In the example below, I did not take in account certain metric values, such as TriggersStarted, TriggersFired, and TotalBillableExecutions. Overall, I suggest to cover only the columns that bring an added value to your application, or you would like to have available in the report: covering all metric values would consume unnecessary compute and storage power.
FROM insightsMetrics CROSS APPLY GetElements(insightsMetrics.records) as flattened),
SUM(CASE metricName WHEN 'RunsStarted' THEN count ELSE 0 END) 'RunsStarted',
SUM(CASE metricName WHEN 'RunsCompleted' THEN count ELSE 0 END) 'RunsCompleted',
SUM(CASE metricName WHEN 'RunsSucceeded' THEN count ELSE 0 END) 'RunsSucceded',
(SUM(CASE metricName WHEN 'RunsCompleted' THEN count ELSE 0 END) - SUM(CASE metricName WHEN 'RunsSucceeded' THEN count ELSE 0 END)) 'RunsFailed',
SUM(CASE metricName WHEN 'ActionsStarted' THEN total ELSE 0 END) 'ActionsStarted',
SUM(CASE metricName WHEN 'ActionsCompleted' THEN total ELSE 0 END) 'ActionsCompleted',
SUM(CASE metricName WHEN 'ActionsSucceeded' THEN count ELSE 0 END) 'ActionsSucceeded',
SUM(CASE metricName WHEN 'ActionLatency' THEN average ELSE 0 END) 'AvgActionLatency'
GROUP BY resourceid, time, TumblingWindow(MINUTE,1))

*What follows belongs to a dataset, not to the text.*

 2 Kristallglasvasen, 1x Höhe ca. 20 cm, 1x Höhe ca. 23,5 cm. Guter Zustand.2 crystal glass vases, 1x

Create dashboard in Power Bi
Shortly following the activation of the previous configuration, a streaming data set should be appearing in the Power Bi account.
To select the information coming from Stream Analytics, add the title “Custom Streaming Data” as a source in your dashboard.

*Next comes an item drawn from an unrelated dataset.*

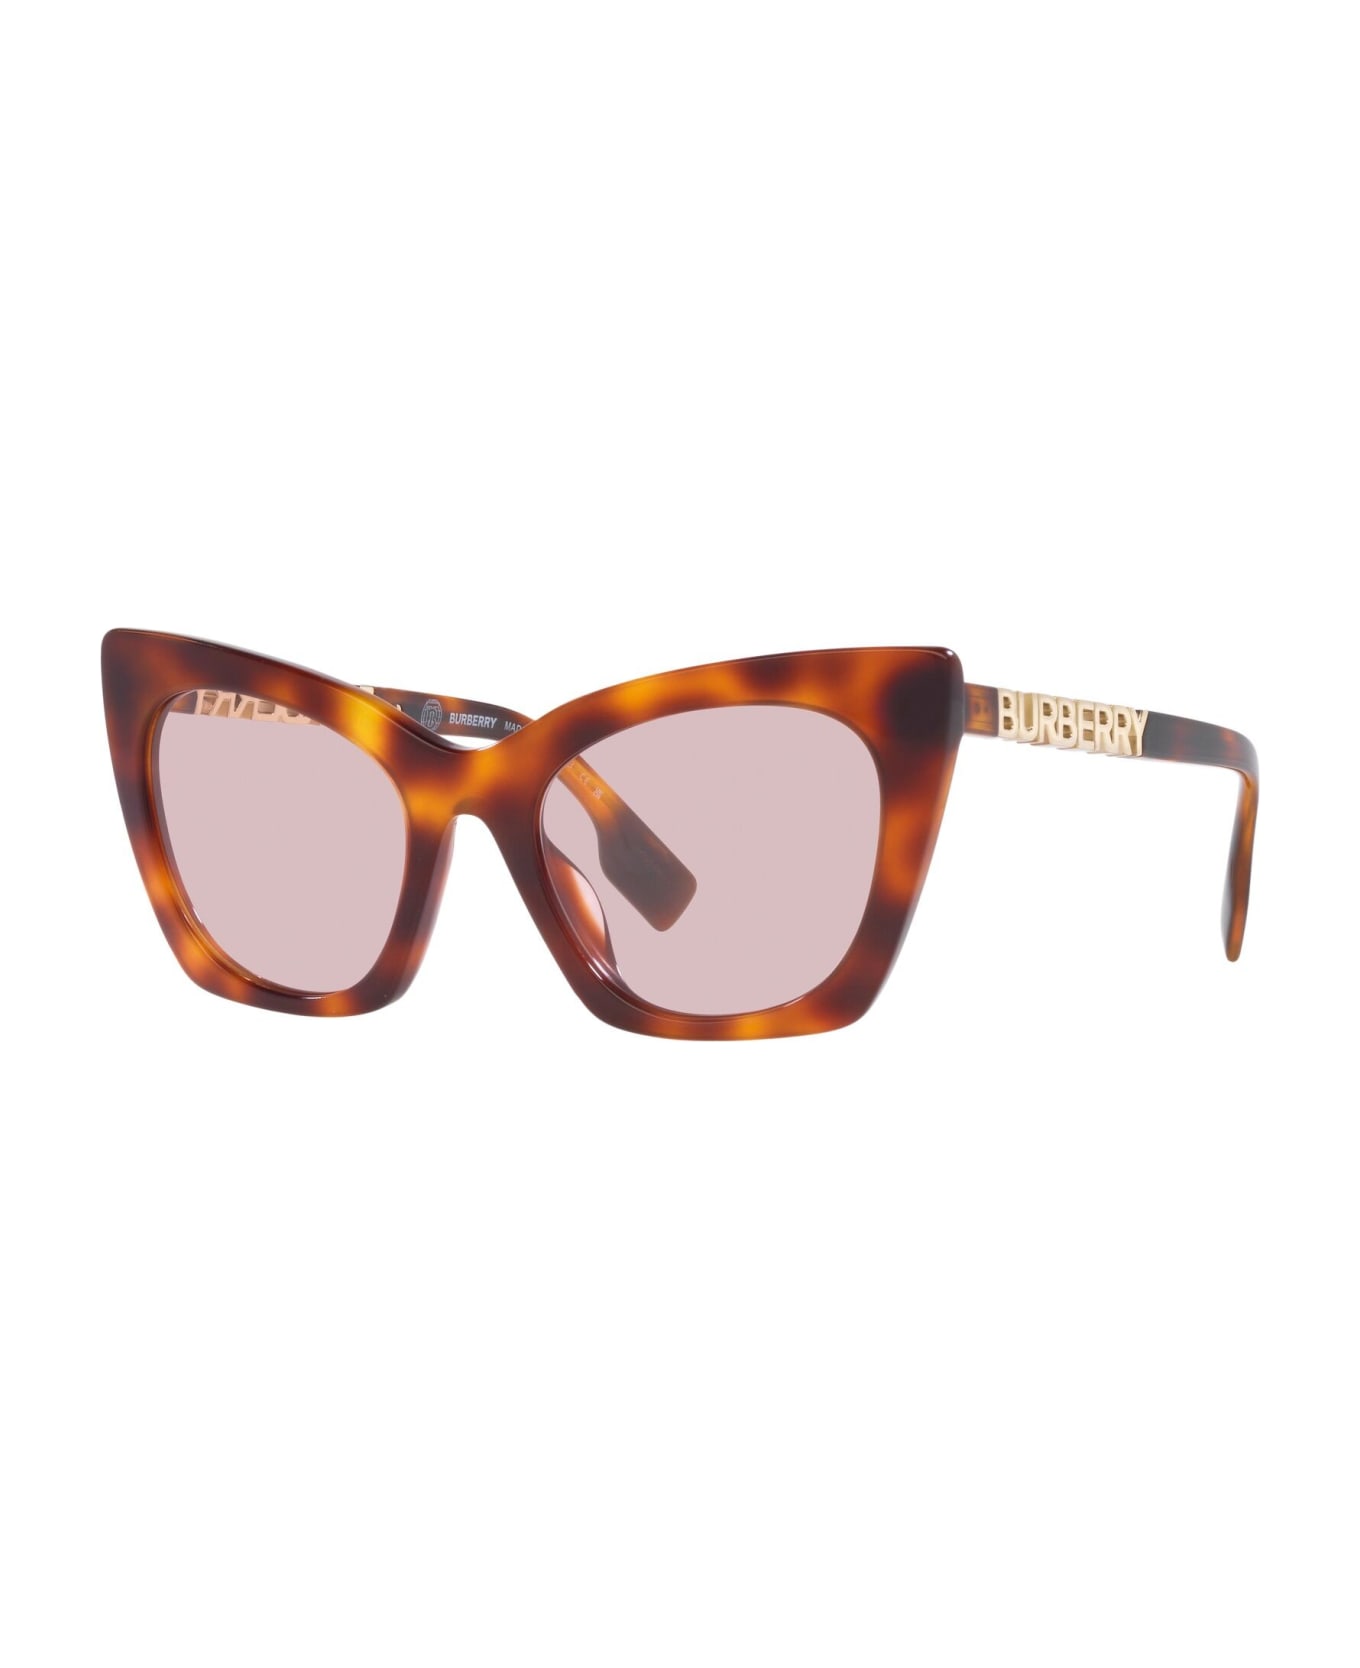 Burberry Eyewear Sunglasses - Marrone  e blu tartarugato/Marrone
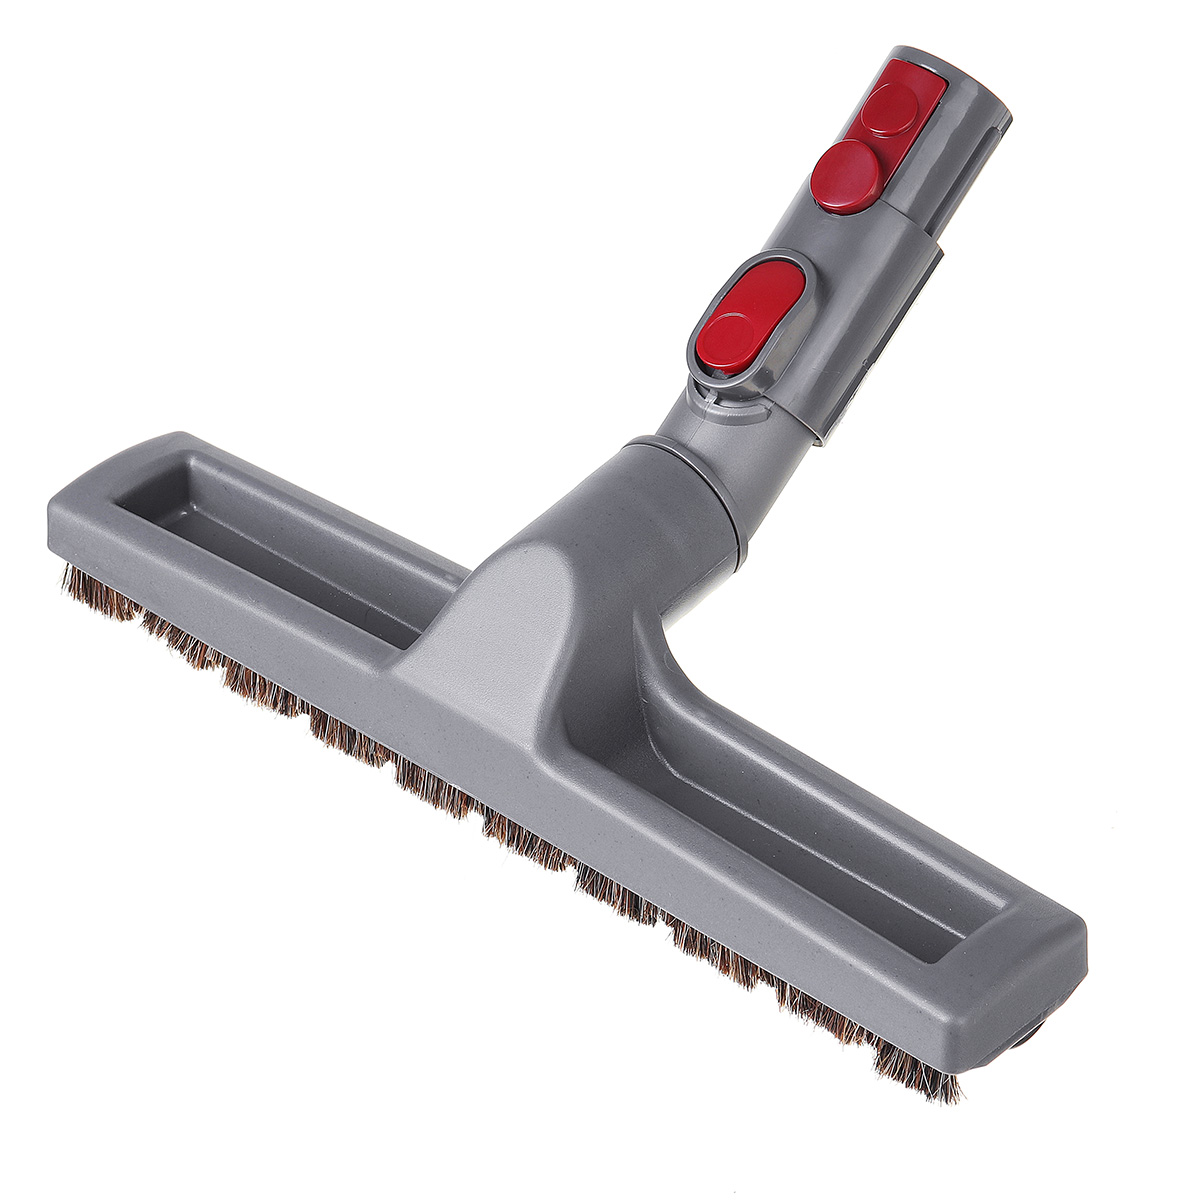 1pcs-Floor-Brush-Replacements-for-Dyson-V6-V7-V8-V10-V11-Vacuum-Cleaner-Parts-Accessories-1818338-6

Next, select the streaming data set.
Configure the chart properties. In this particular case, I am interested to see the completed runs from the last hours in a bar chart.
Enjoy your freedom!
Compared to the effort required to create a custom solution, this way of working takes but a couple of minutes to set up a technical scalable real-time dashboard. Amazing!
If you are looking for a more technical solution, integrated with other Azure diagnostics tools, I’d recommend checking out OMS workspace.
This example gives you a taste of how you can integrate Azure Monitor metrics with Power Bi by using the components Event Hub and Stream Analytics. Additionally, you can make the information available as a source if you enable historical data. This makes the full-blown functionality of Power Bi to create any type of reports on data sets possible!
I noticed that Microsoft is building extensively on Power Bi streaming features. Therefore, I hope to soon see more chart types and settings that we can change to customize a real-time dashboard.